Content Identifier — multiformats
A self-describing content-addressed identifier. multihash, multicodec, and multibase together encode the hash algorithm, the data format, and the string encoding directly into the identifier.
Definition
CID, standardized through multiformats and used heavily across the IPFS/IPLD ecosystem, comes in two versions. CIDv0 is the minimal form (Qm…, base58btc + SHA-256 multihash); CIDv1 layers in a multibase prefix, version byte, multicodec, and multihash for forward extensibility.
Self-description means the identifier itself tells you which hash algorithm and which data format you're holding. Migrating between SHA-256 and SHA-3, or between JSON and CBOR, doesn't require touching the identifier format.

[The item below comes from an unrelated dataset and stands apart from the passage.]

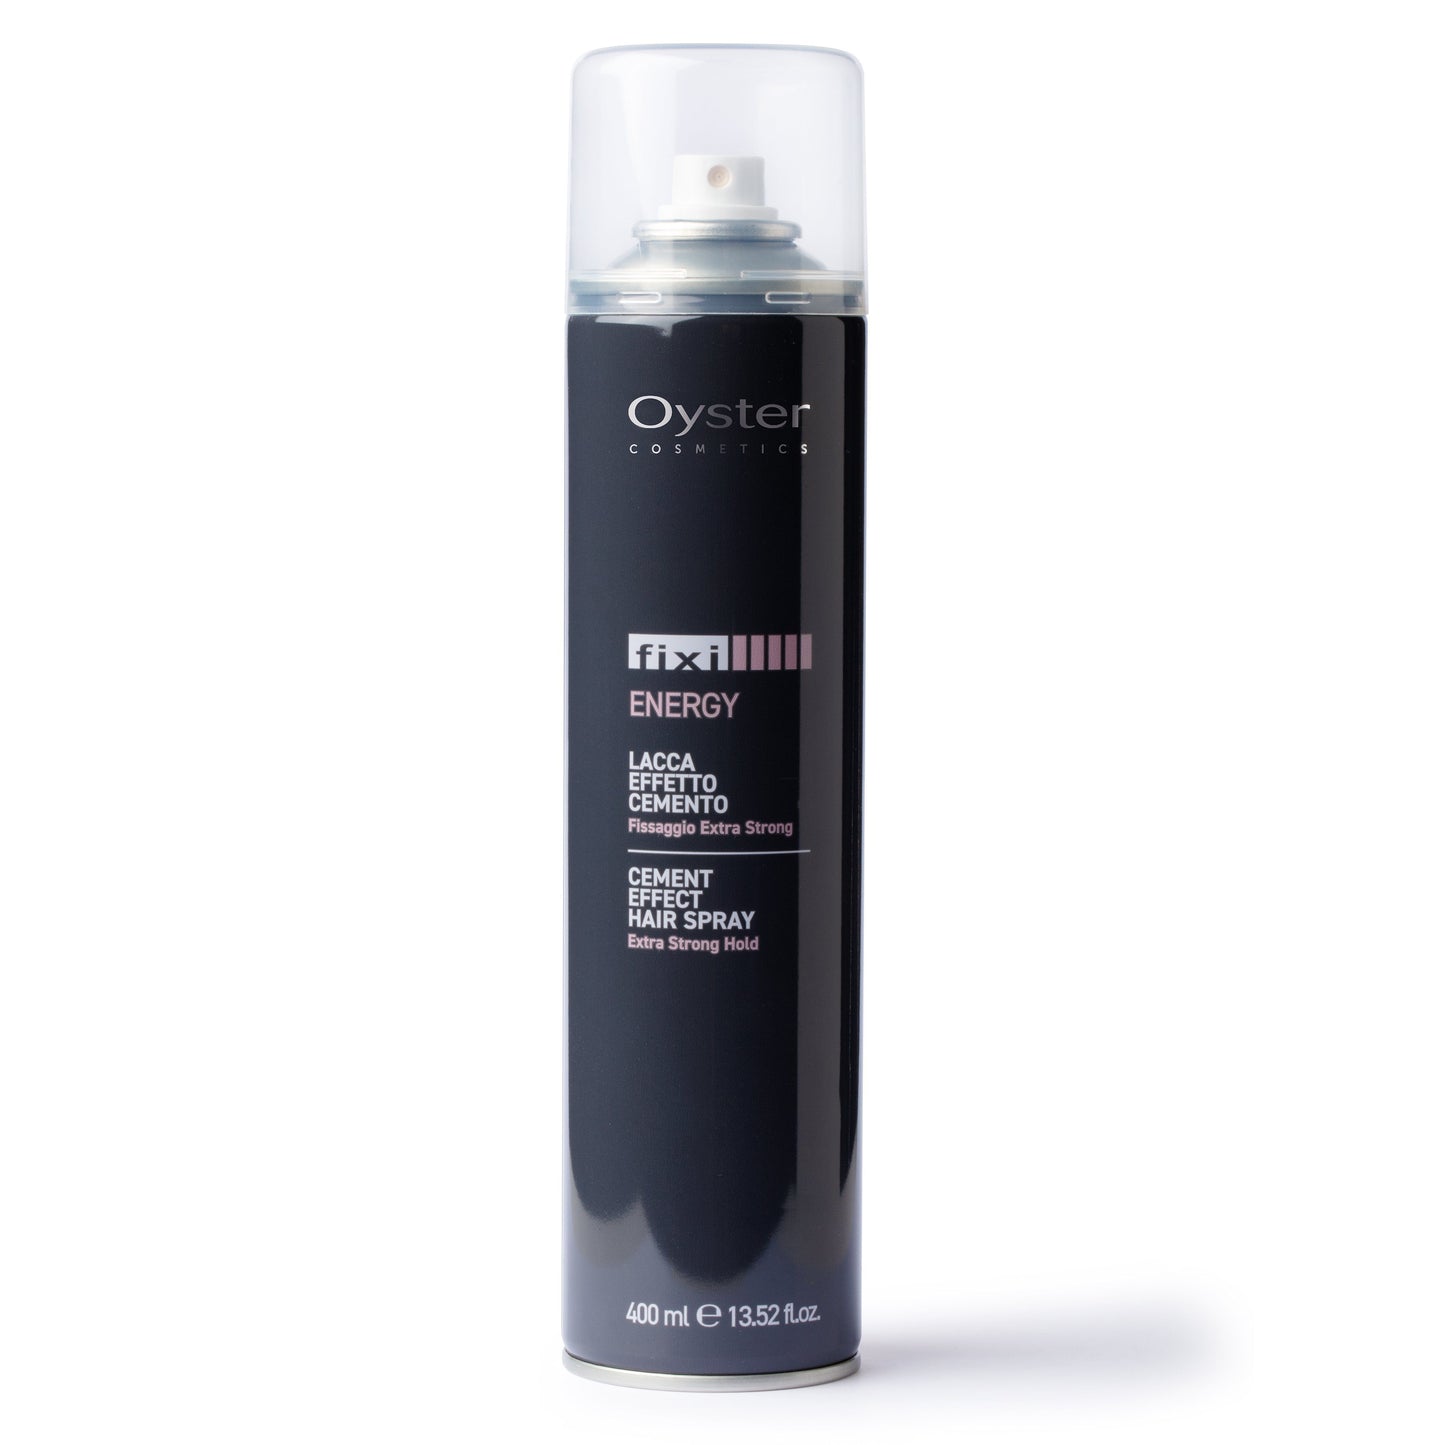 Hairspray Energy Cement-Effect | FIXI HAIR STYLING PRODUCTS OYSTER

Because the identifier is derived from the content (content-addressing), the same bytes always produce the same CID regardless of who uploads them. Equal CIDs guarantee equal bytes.
Lemma Oracle implementation
Lemma references objects in distributed storage — RAG documents, provenance metadata, license files — by CID. docHash is the internal hashing surface; CID is the external interop surface.
Each node in a provenance graph links to its predecessor by CID, preserving the durability and verifiability of the chain at the storage layer.
Inside the ZK circuit, CIDs are reduced to short Poseidon values rather than processed as full strings — keeping interop and efficiency separated.